» **Supplied information**:
== Segment start ==
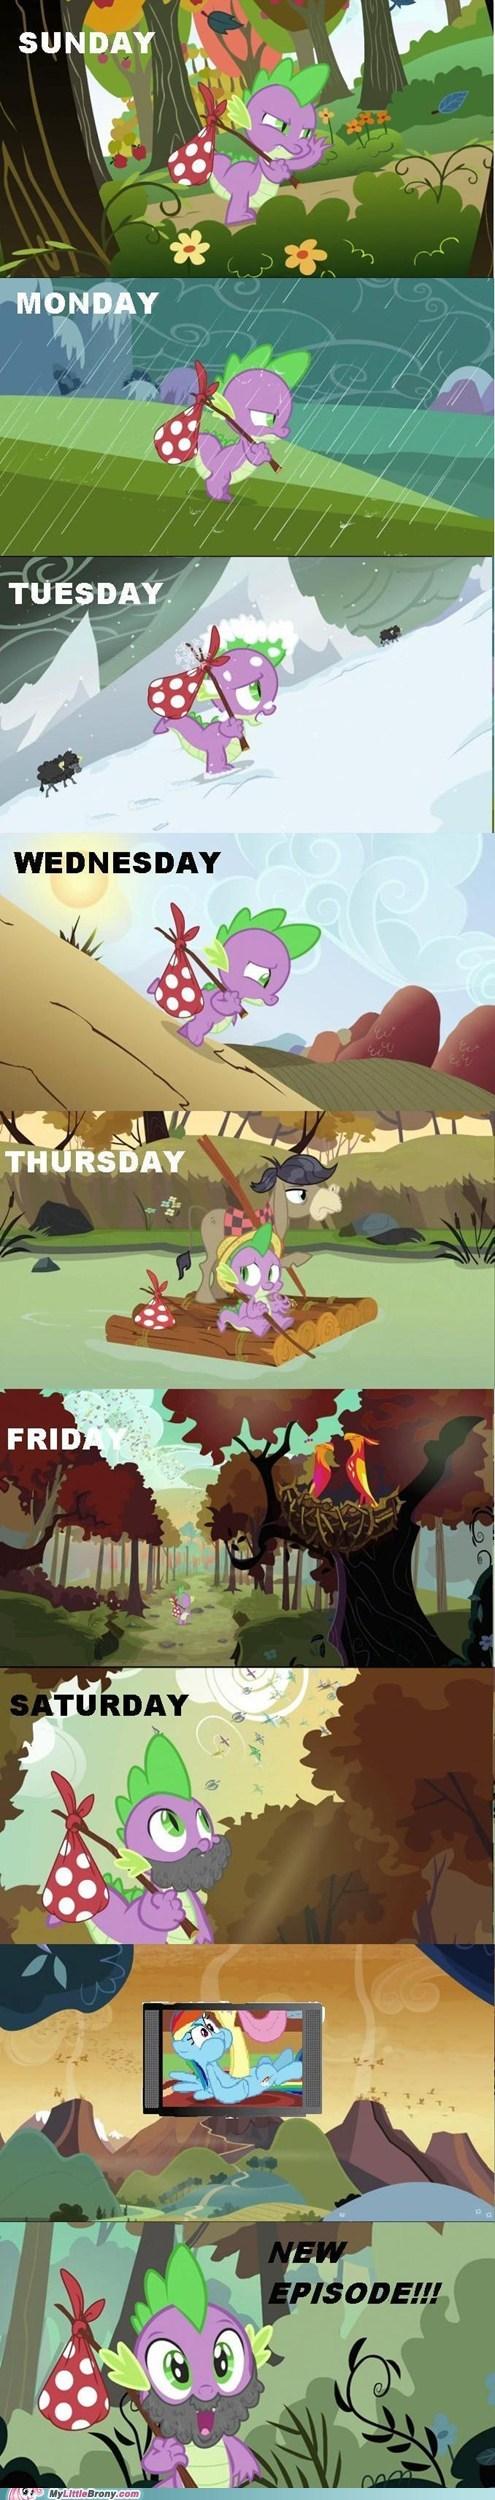 a journey,all week,comic,comics,new episode,spike,waiting
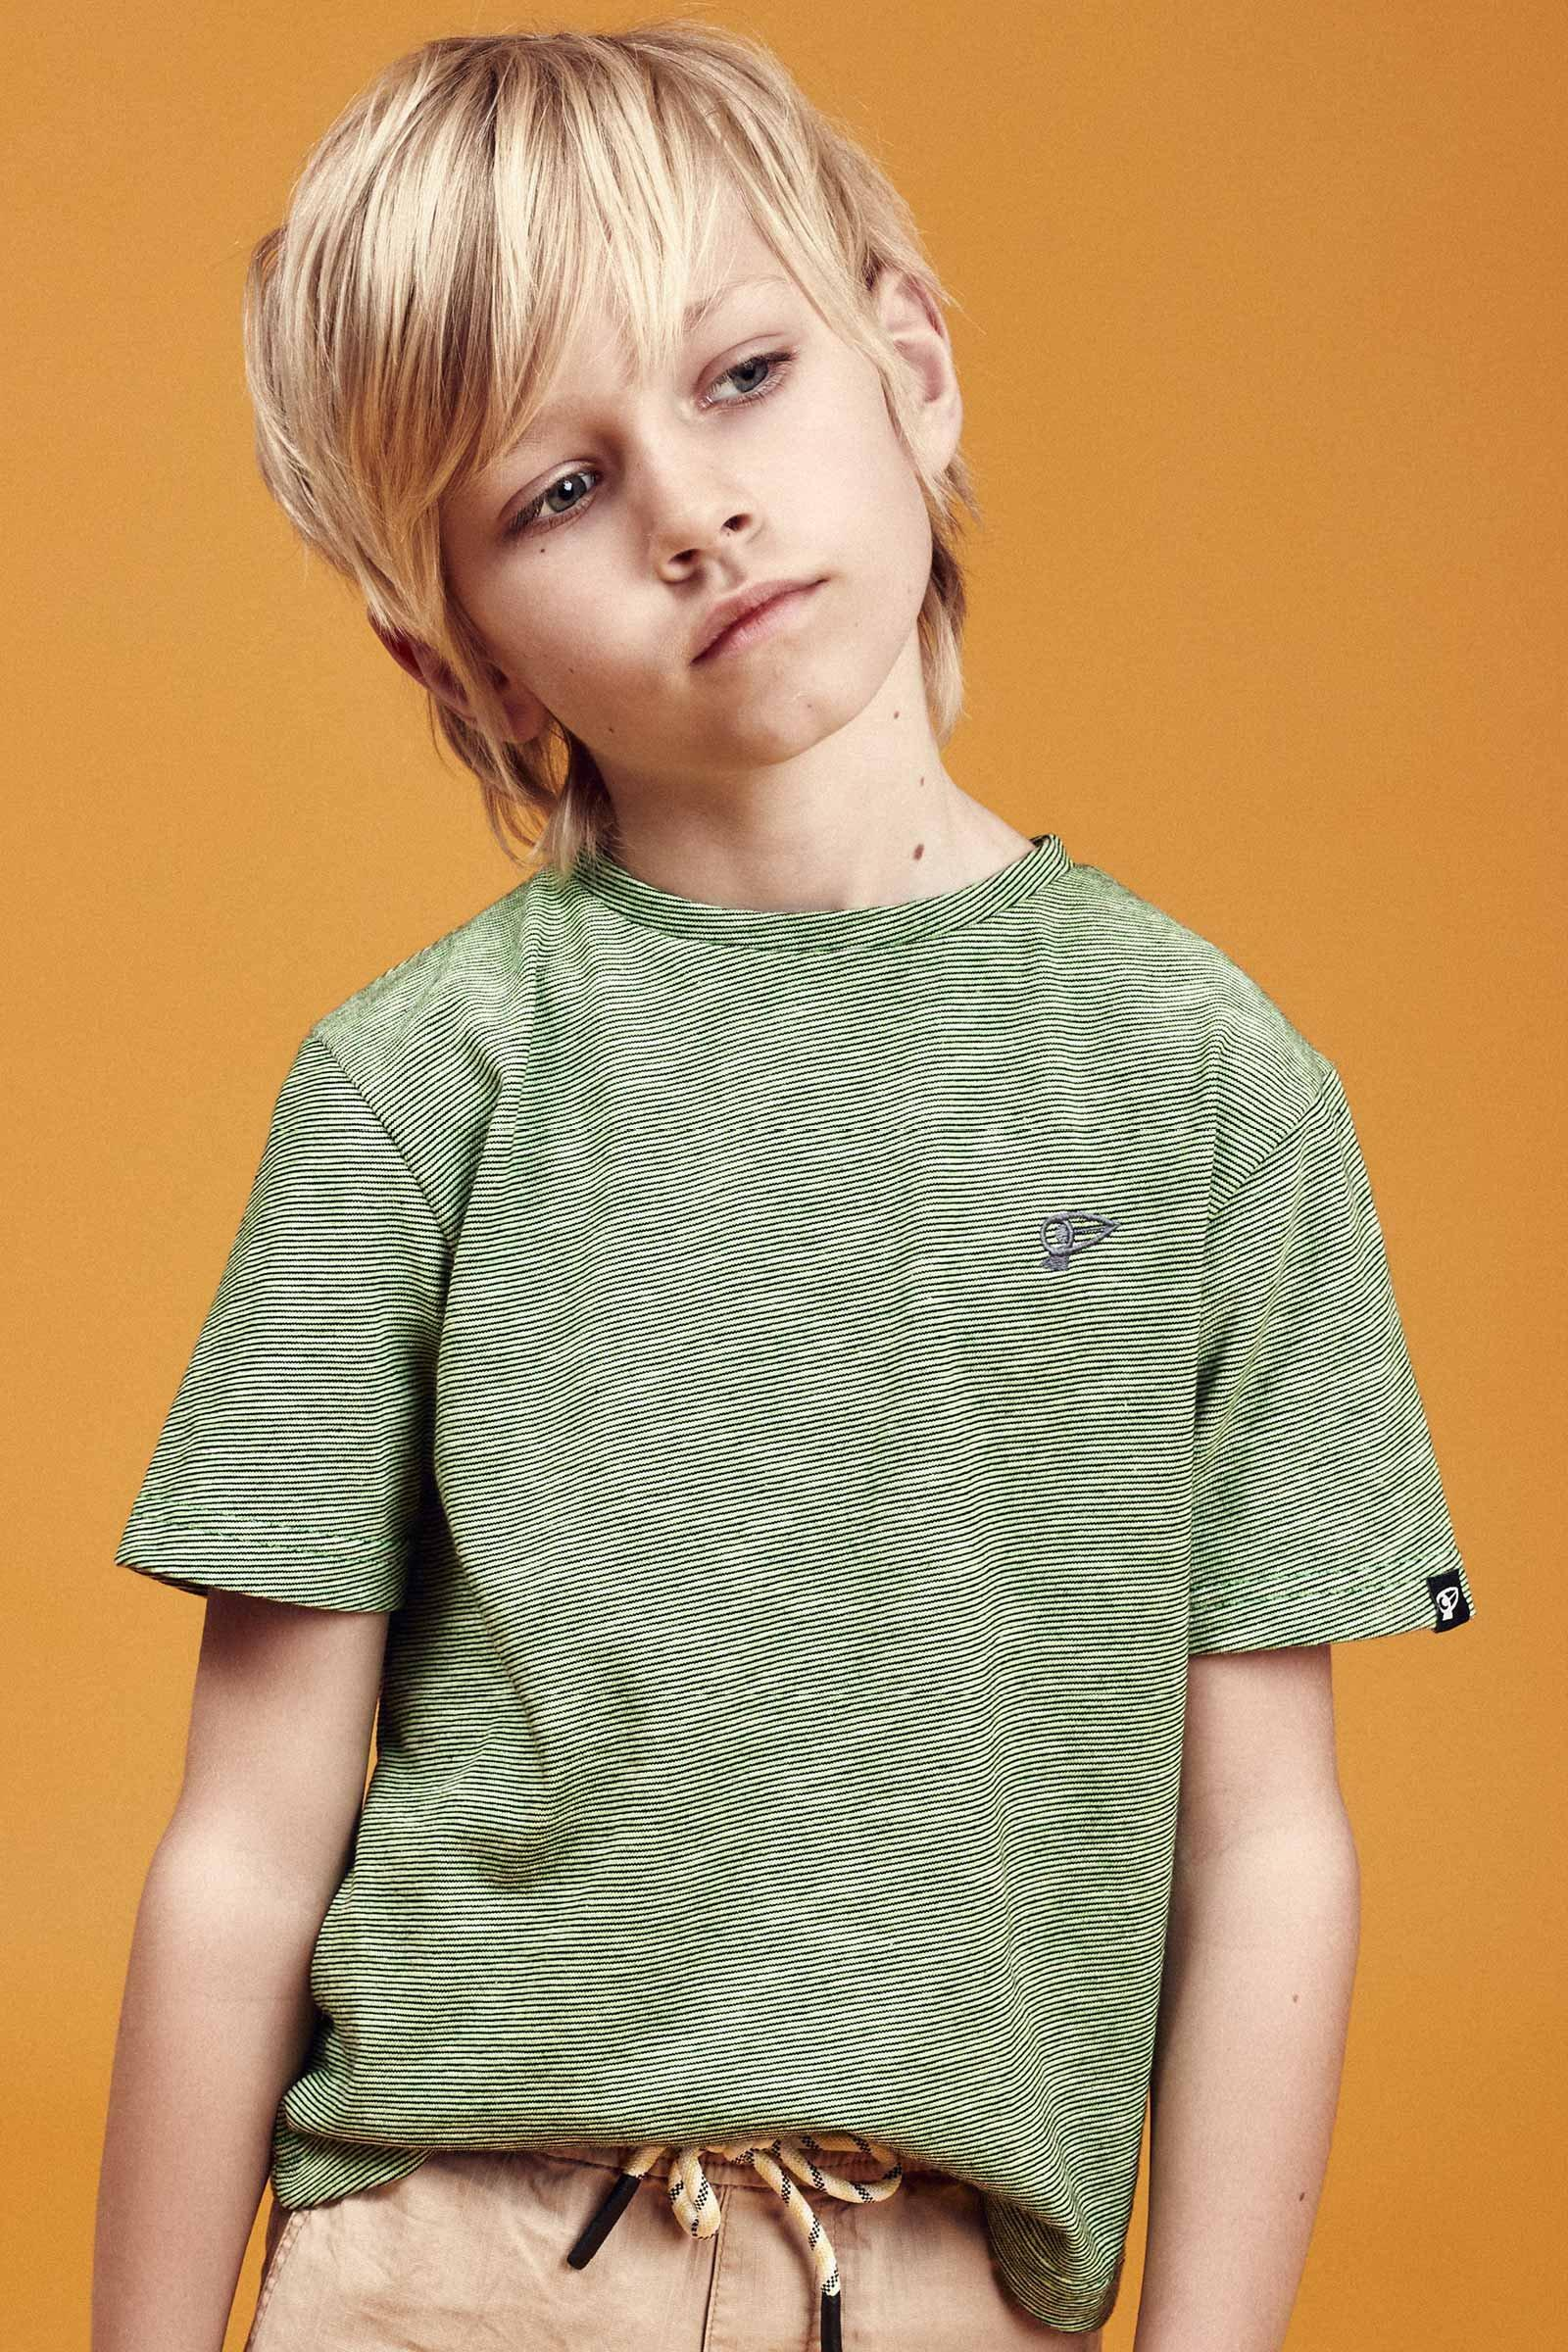 CKS Kids - YACKER - t-shirt korte mouwen - meerkleurig
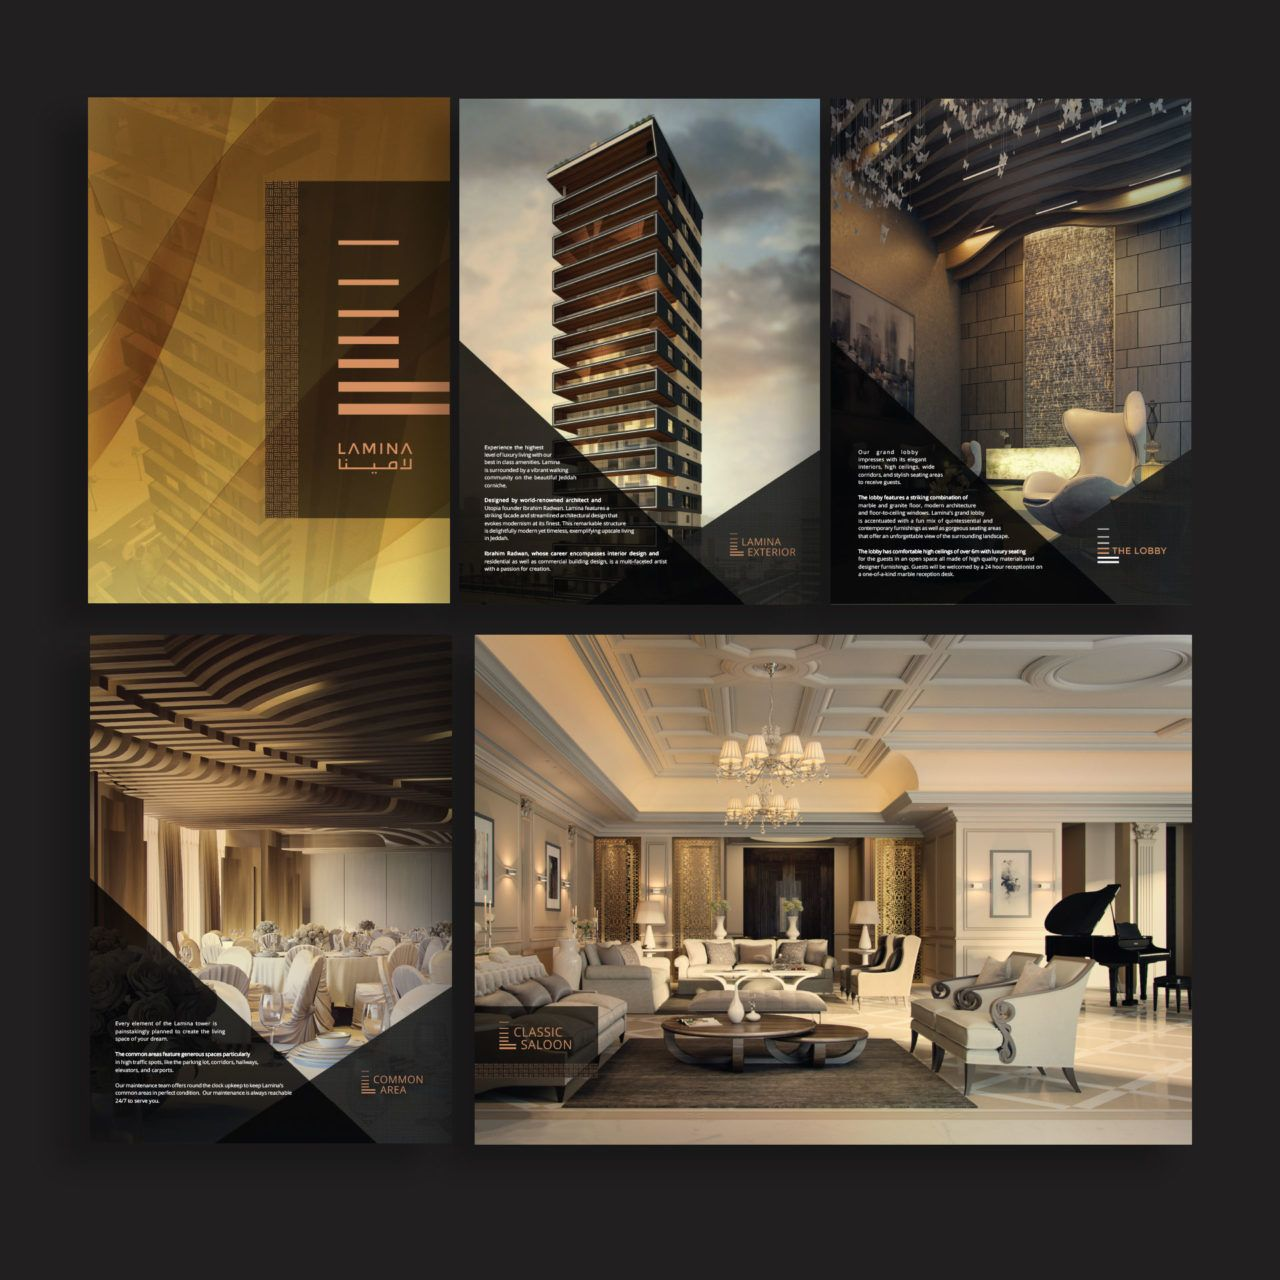 Jeddah Luxury Apartment Branding & Website
== Segment end ==
» **What you need to do**: Please give back the material above exactly as written, pictures omitted.

» **Result for this task**:
 a journey,all week,comic,comics,new episode,spike,waiting
 CKS Kids - YACKER - t-shirt korte mouwen - meerkleurig
 Jeddah Luxury Apartment Branding & Website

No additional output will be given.